__AIM OF THE TASK__
Begin with the line holding "La cantante sufrió" and end with the last line of the records below. Set down exactly those lines and leave out every picture.

__MATERIAL FOR THIS TASK__
Start of Block
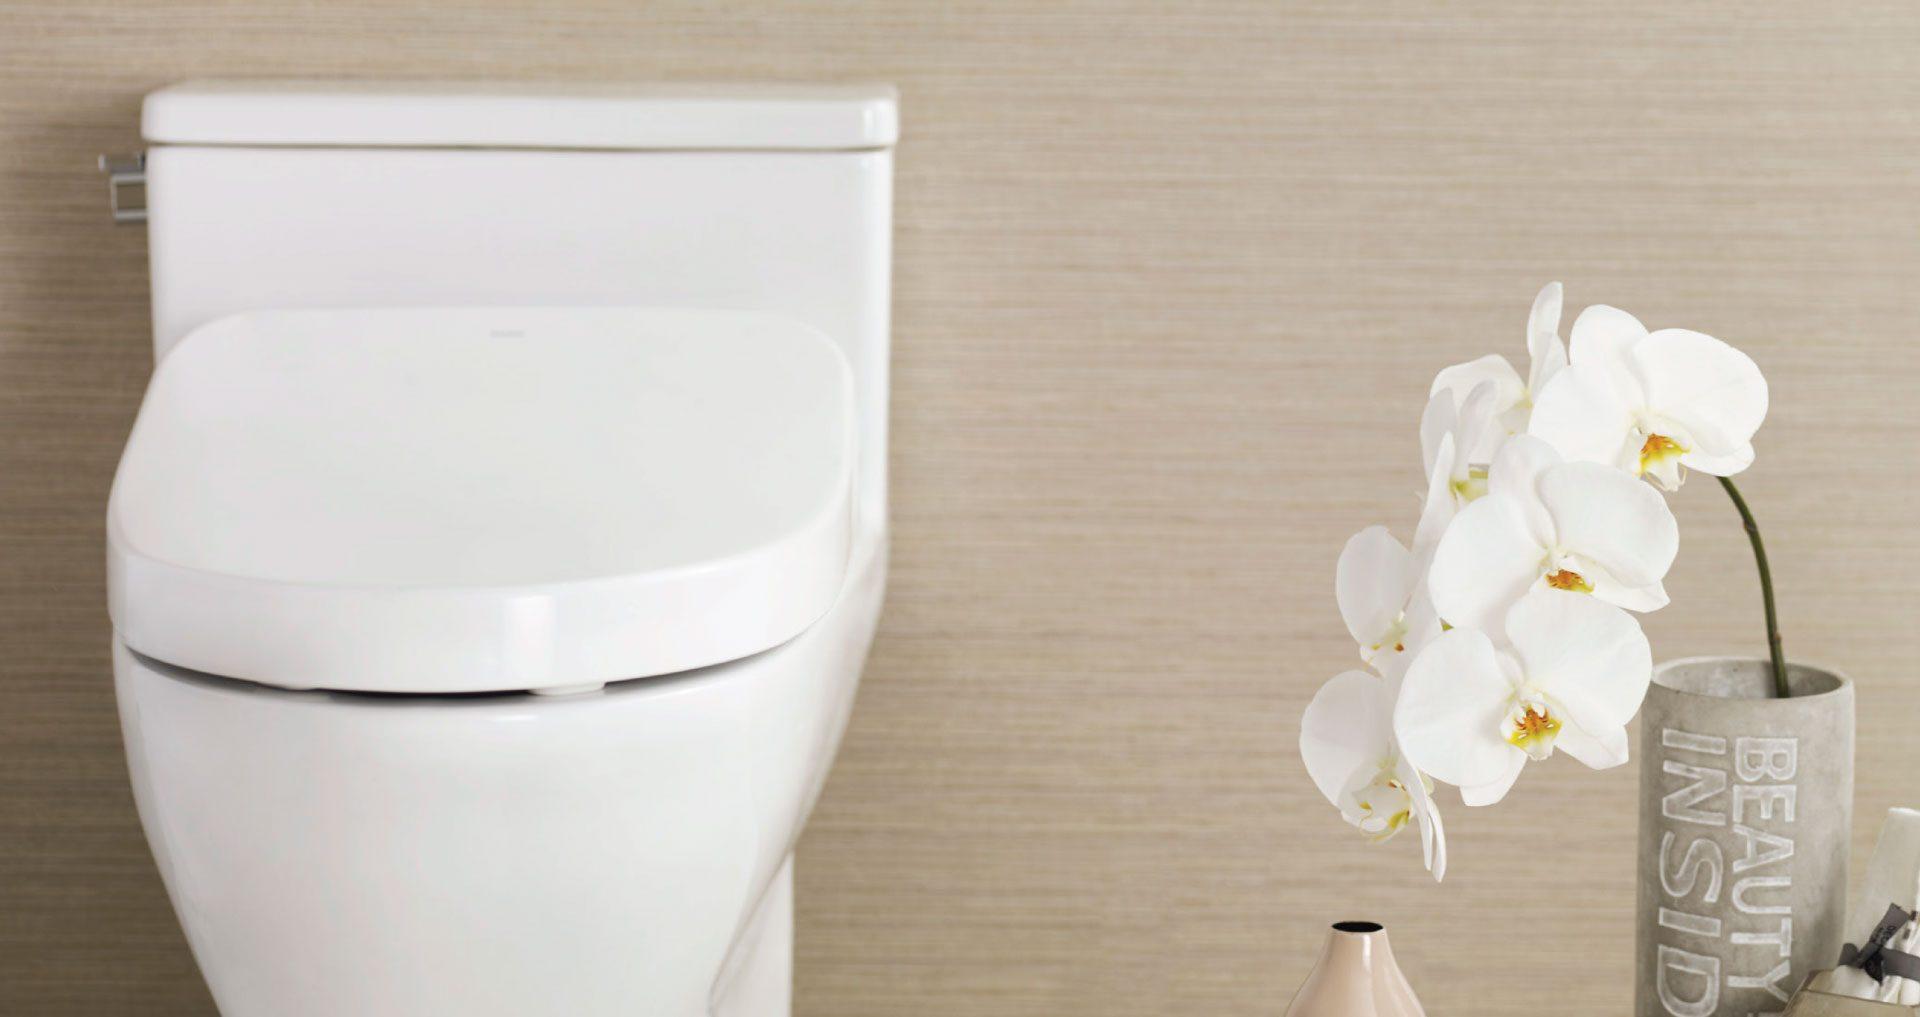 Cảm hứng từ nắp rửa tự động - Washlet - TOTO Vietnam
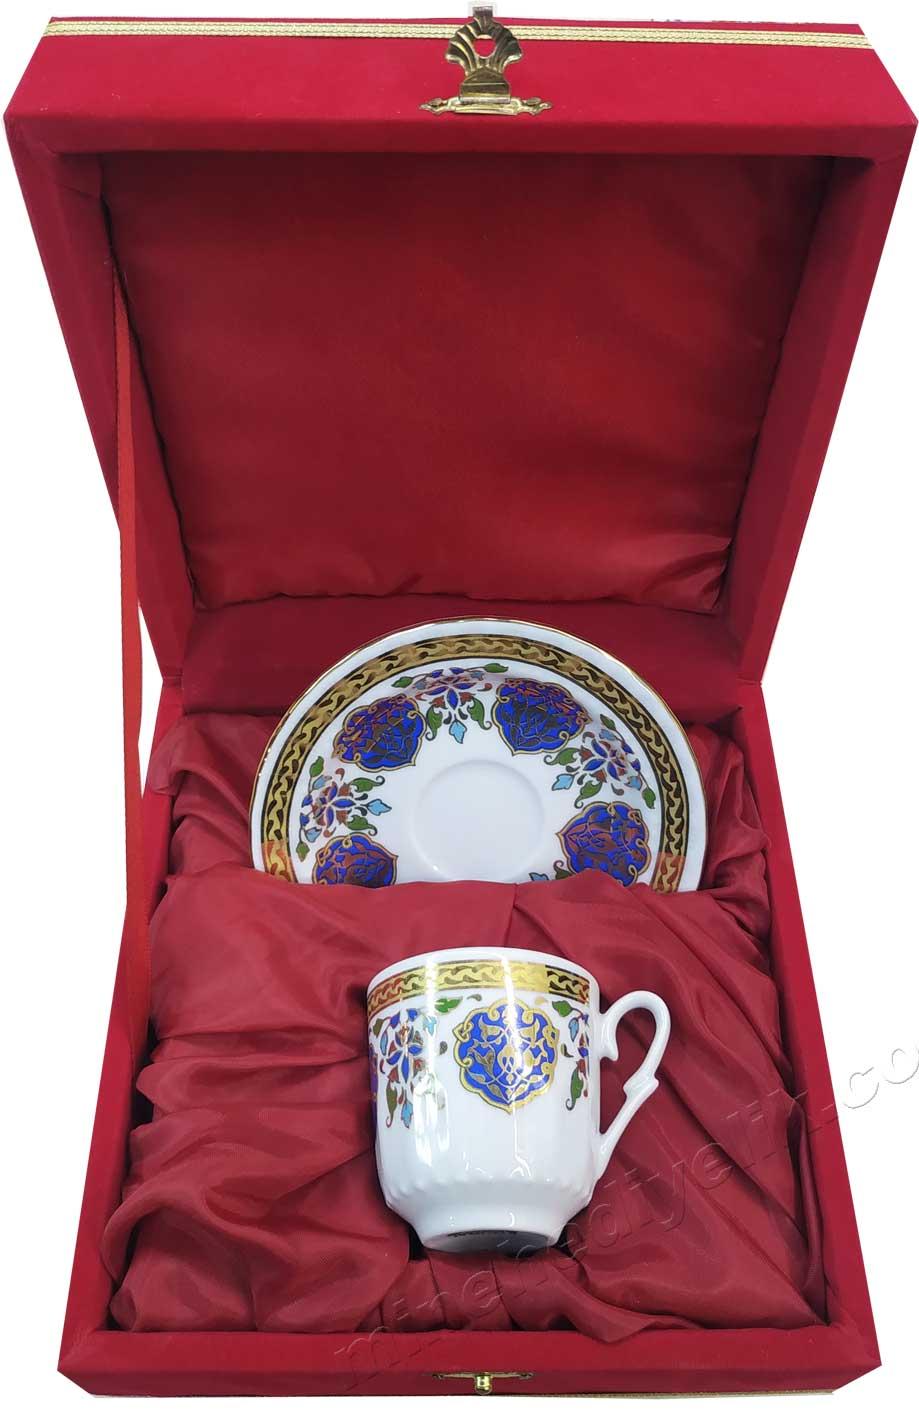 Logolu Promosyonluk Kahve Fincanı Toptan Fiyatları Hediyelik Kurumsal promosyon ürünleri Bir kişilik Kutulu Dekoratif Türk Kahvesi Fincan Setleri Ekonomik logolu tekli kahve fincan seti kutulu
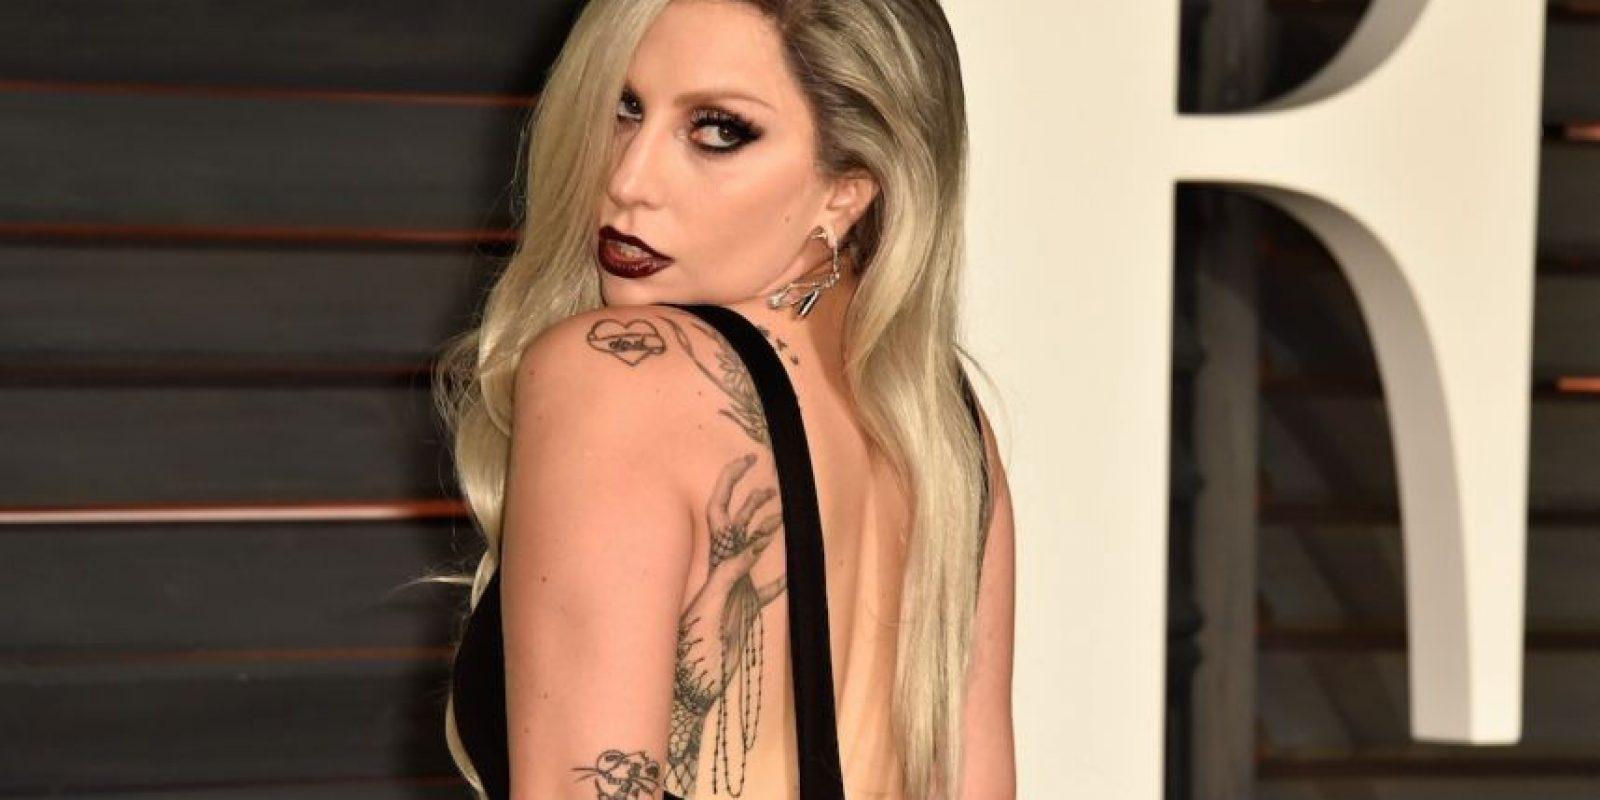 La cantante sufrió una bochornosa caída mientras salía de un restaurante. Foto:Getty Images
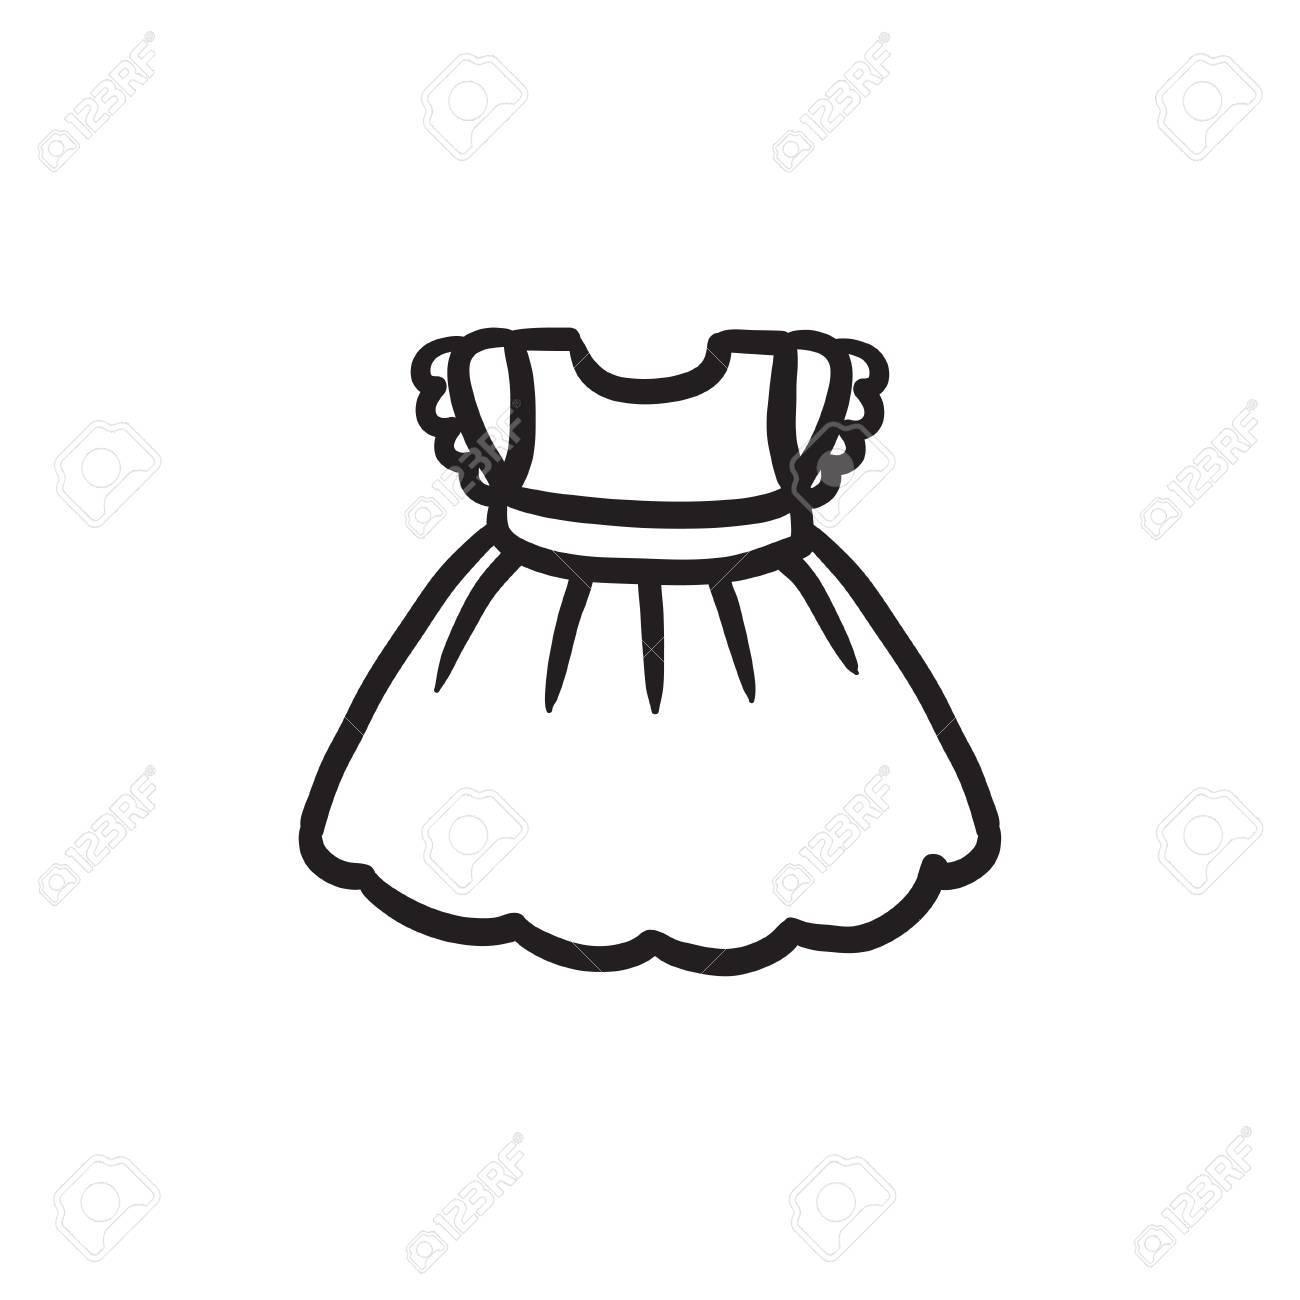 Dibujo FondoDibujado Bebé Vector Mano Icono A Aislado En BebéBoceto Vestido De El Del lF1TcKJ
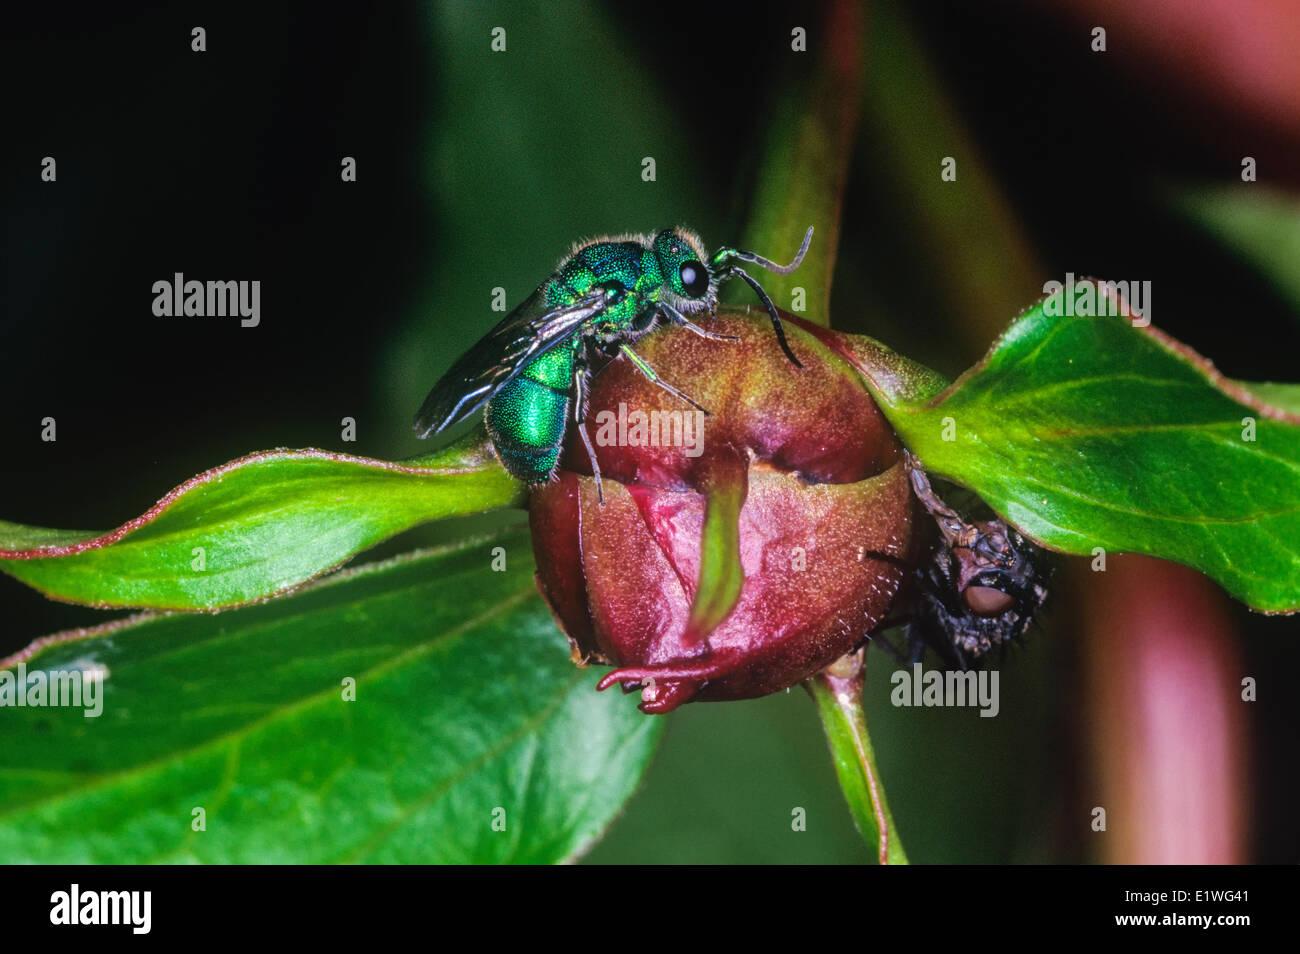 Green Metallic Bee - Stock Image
End of Block
__TASK ANSWER__
 La cantante sufrió una bochornosa caída mientras salía de un restaurante. Foto:Getty Images
 Dibujo FondoDibujado Bebé Vector Mano Icono A Aislado En BebéBoceto Vestido De El Del lF1TcKJ
 Green Metallic Bee - Stock Image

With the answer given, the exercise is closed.